The Master was originally on his last (13th) regeneration in the Tom Baker episode The Deadly Assassin, the story which in fact established the canon that there are only 12 regenerations a Time Lord can have before they are finally and completely dead. Later stories in the Tom Baker/Peter Davison crossover point (Logopolis and Keeper of Traken) established a plausible means for keeping him alive a little longer using the possession of another character who looked remarkably like his original goatee bearded form (to the extent it probably is not a spoiler to tell you which character would get possessed…) as a reasonable excuse. This, however, did not give him any more regenerations – once that body (which was not a Time Lord body) died that was it so his quest from that point was to gain more regenerations. This was a fact the Time Lords themselves used as a bribe to get him to perform a task for them in the Five Doctors – the promise of a whole new regeneration cycle*. His appearances since then (some Colin Baker and Sylvester McCoy episodes, the Paul McGann movie) were all aimed at that goal – for example trying to steal the Doctor’s remaining regenerations.**
Then at some point he finally did get given the new regeneration cycle because of his promises to help during the Time War and that leads us to Uptopia and the wonderful portrayal by Derek Jocobi who I would have liked to have seen more of before his regeneration to John Simms but the fact he did regenerate shows he had been paid in full by the Time Lords before legging it all the way to the end of the universe and activating his Chameleon arch.

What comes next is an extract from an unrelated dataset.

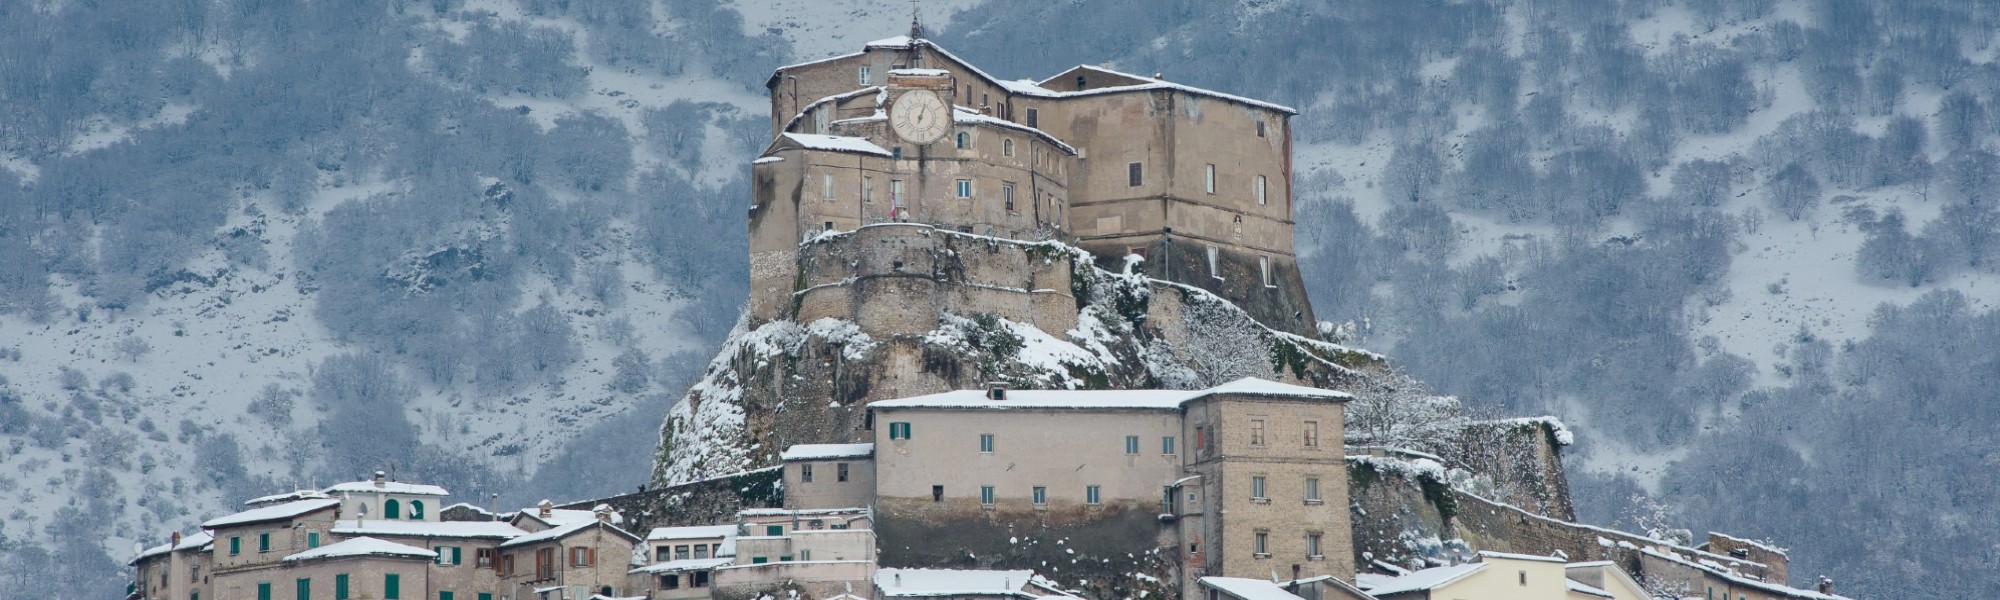 Italy castle hero image

So far so good. John Simm was a good Master and managed to give across the right level of insane evil coupled with that empathic bond with Tennant’s Doctor which rightly portrayed the Xavier/Magneto relationship inherent in their associations – two people who were as close as brothers driven apart by wildly different ideologies.
Then Simm’s Master died. Not in a ‘it’s ok, I will regenerate’ way and merely be played by yet another actor but in a ‘no, there is no way I will regenerate’ way.
Then he came back… in a way that was a little unrealistic and far fetched even for Who.
Then he died again… this time also in a way that seemed to preclude regeneration.
And then with very little explanation as to how it happened, ‘he’ came back as ‘she’. Perfectly fine if it had been a regeneration – oh how much we have wanted to see a regeneration from male to female – but again that was apparently not an option. He was dead and gone, no coming back. Yet suddenly she is back… did they give a reasonable reason why? Not that I noticed…
Finally, at the end of the last series, she is also killed and again regeneration seems unlikely… yet here she is, back and ready for more.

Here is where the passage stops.